Friday, July 29, 2005

Thursday Stylin': an extra-cynical critique

The Times ran a lengthy article on Thursday about cagefighting between troubled men in the rural Midwest. When I read it online, I assumed that it was part of Thursday Styles. It had all the hallmarks: It was about a bizarre trend (entertaining crowds with brutal fistfights) with a commercial hook (these fights occur at bars and have business sponsors). It had descriptions about health and fashion. ("His ponytail is graying, his tattooed torso beginning to sag.") The article predicts that cage fighting may be the next big thing. (To quote: As he sees it, cage fighting is poised to take off in Sioux Falls. "You know what we got? We got a bunch of bars and a state park," he said. "This is good.") I wondered whether this activity had caught on yet in my hometown.

The article wasn't in the Styles section. The Styles Section is exclusively for extremely rich people with frivolous tastes. Today's Styles section included articles about the popularity of boots and expensive custom-fit jeans. It's typically disgusting.
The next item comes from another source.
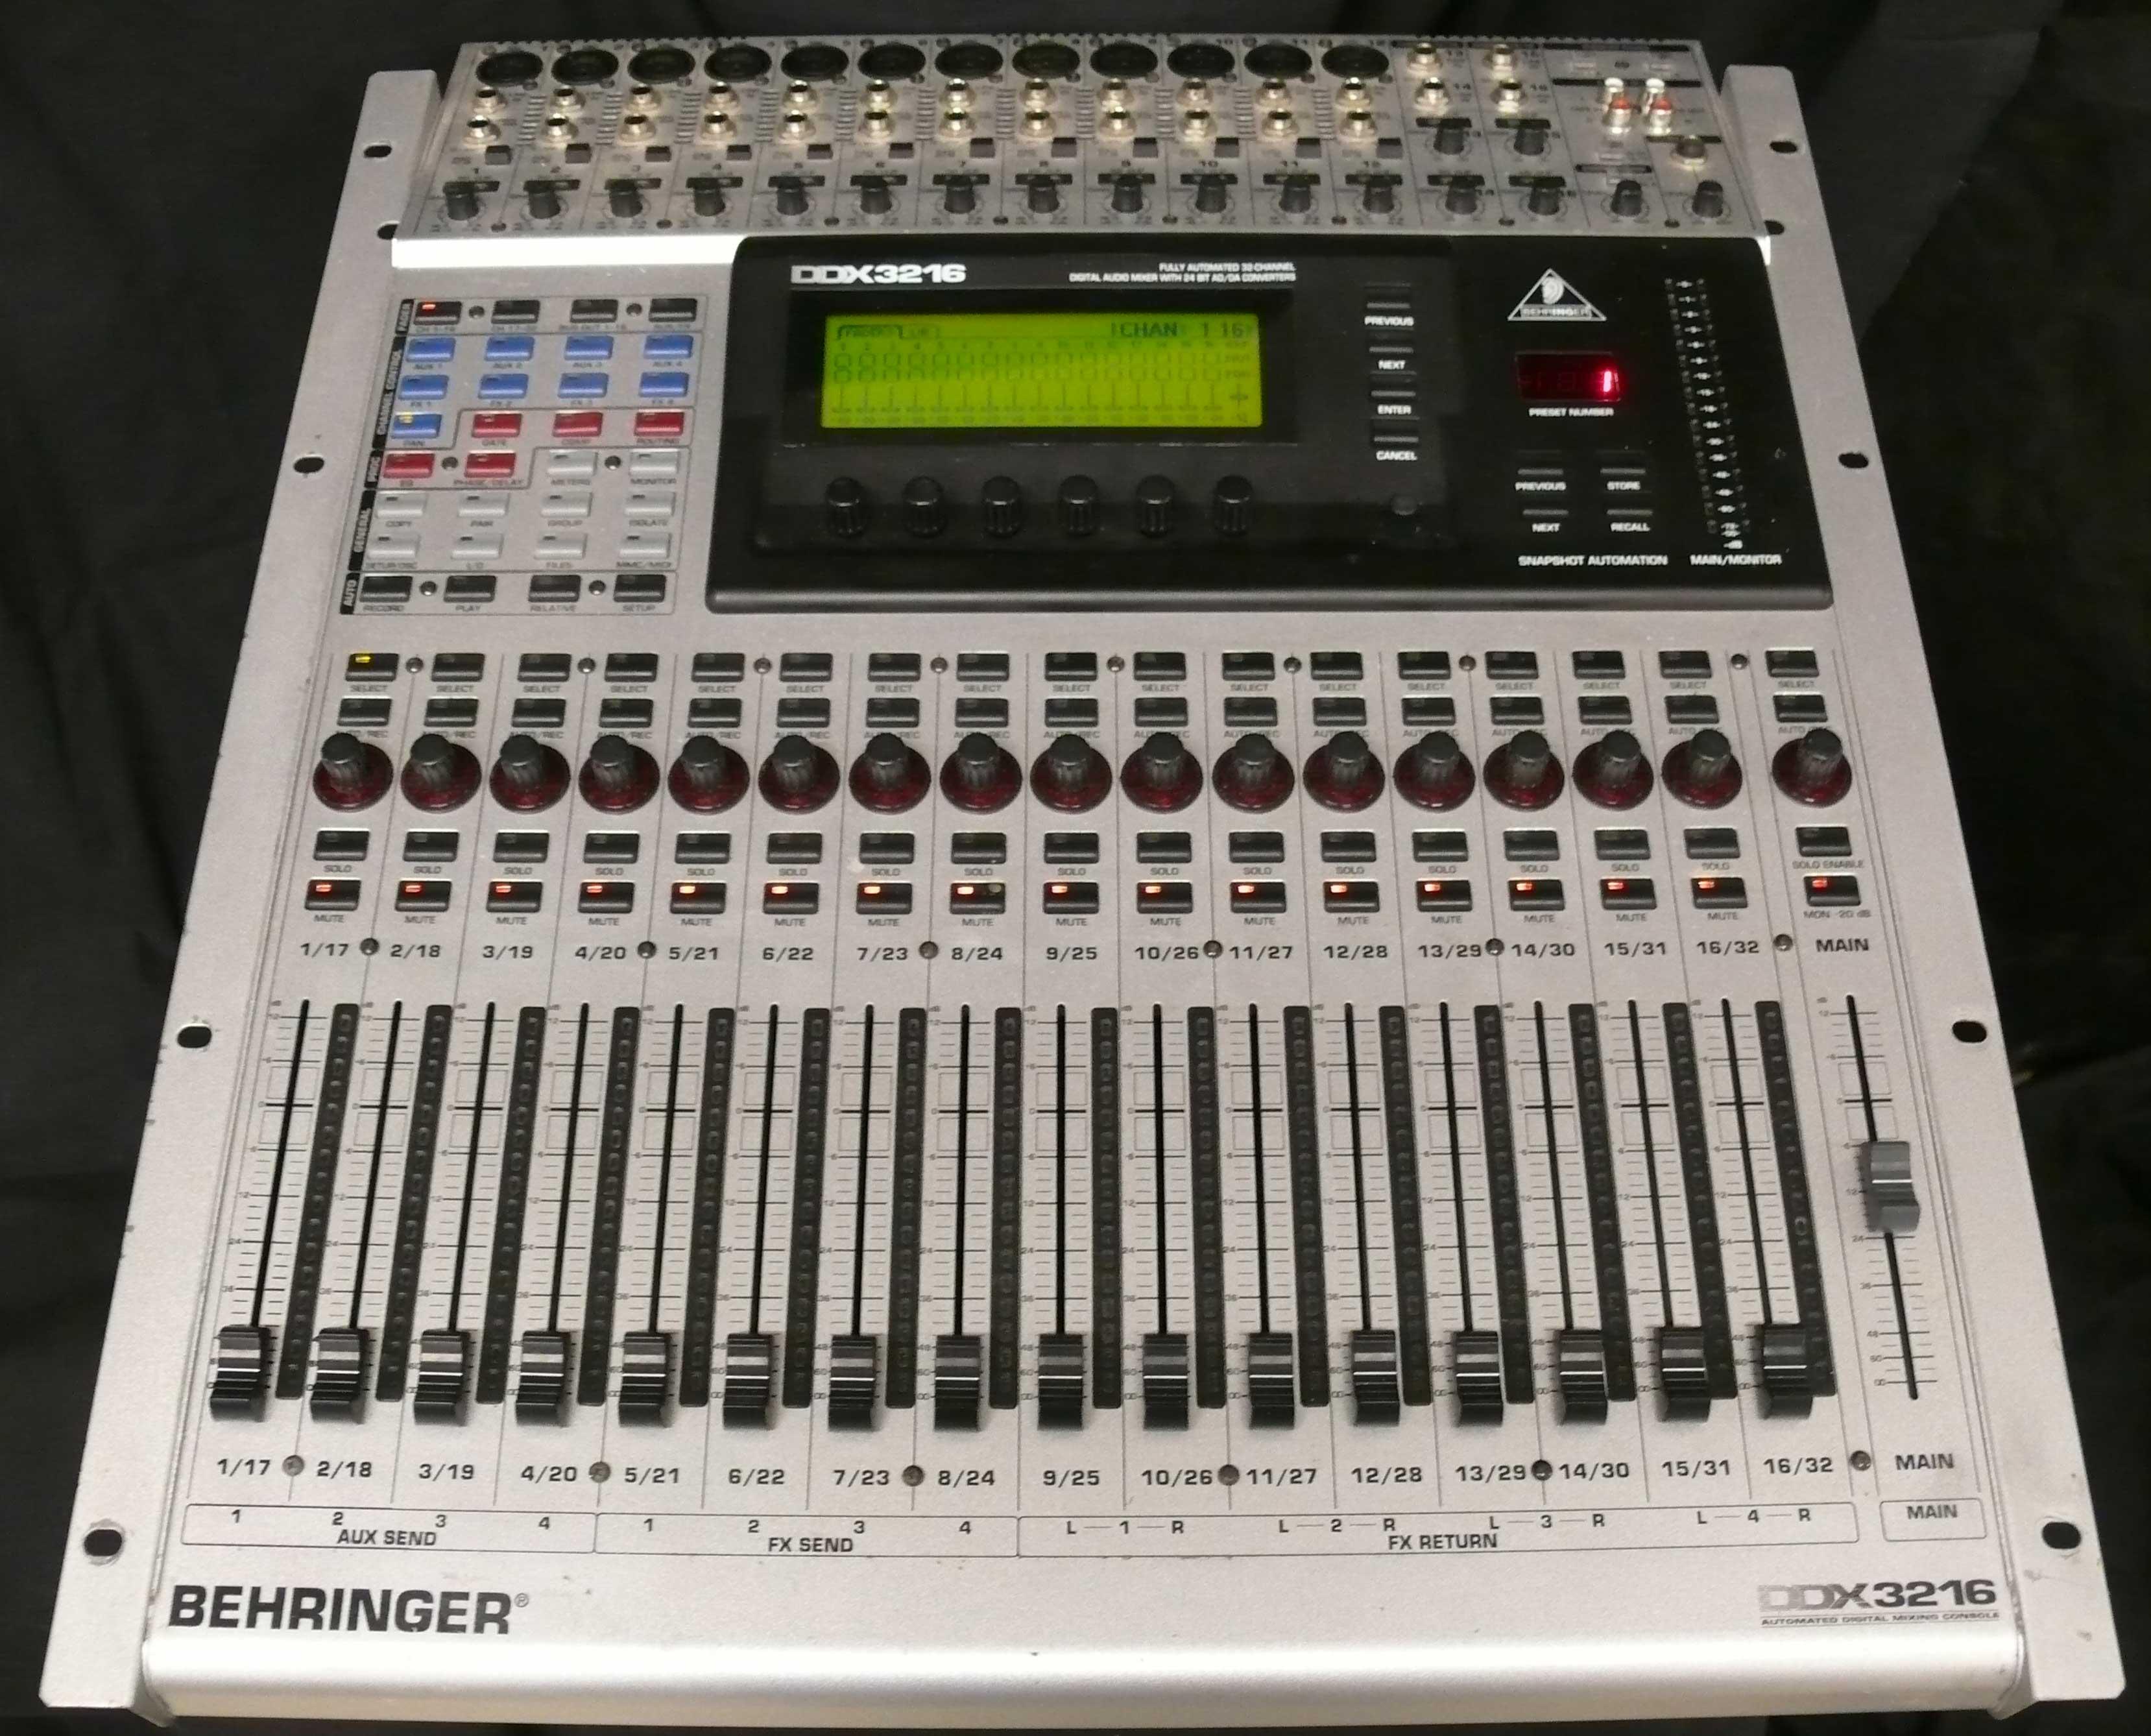 Photo behringer ddx3216 behringer digital mixer series ddx3216 345799 audiofanzine - Console numerique behringer ...

This post isn't arguing that there's any merit when a story is placed in the Styles section, or that cage fighting should be considered trendy. But it's one of those small editorial moments that shows the Times's skewed view of the world. In the news section, there's an article about the popularity of drunken violence in Sioux Falls, South Dakota; these people would brutalize the denizens of the meditation-promoting skin therapists in the latest inane Styles section article. I'm sure they're wearing boots and jeans in South Dakota, too, but not the kind that Alex Kuzynski endorses. If there's anything proved by comparing the Styles section to the article about cage fighting, it's that one man's crazed, redneck brutality is another man's idea of a hip, trendy night on the town.

The cage fighting article did not make me sentimental for the Midwest. But compared to that article, this week's Thursday Styles brought to mind the party at the start of The Masque of the Red Death.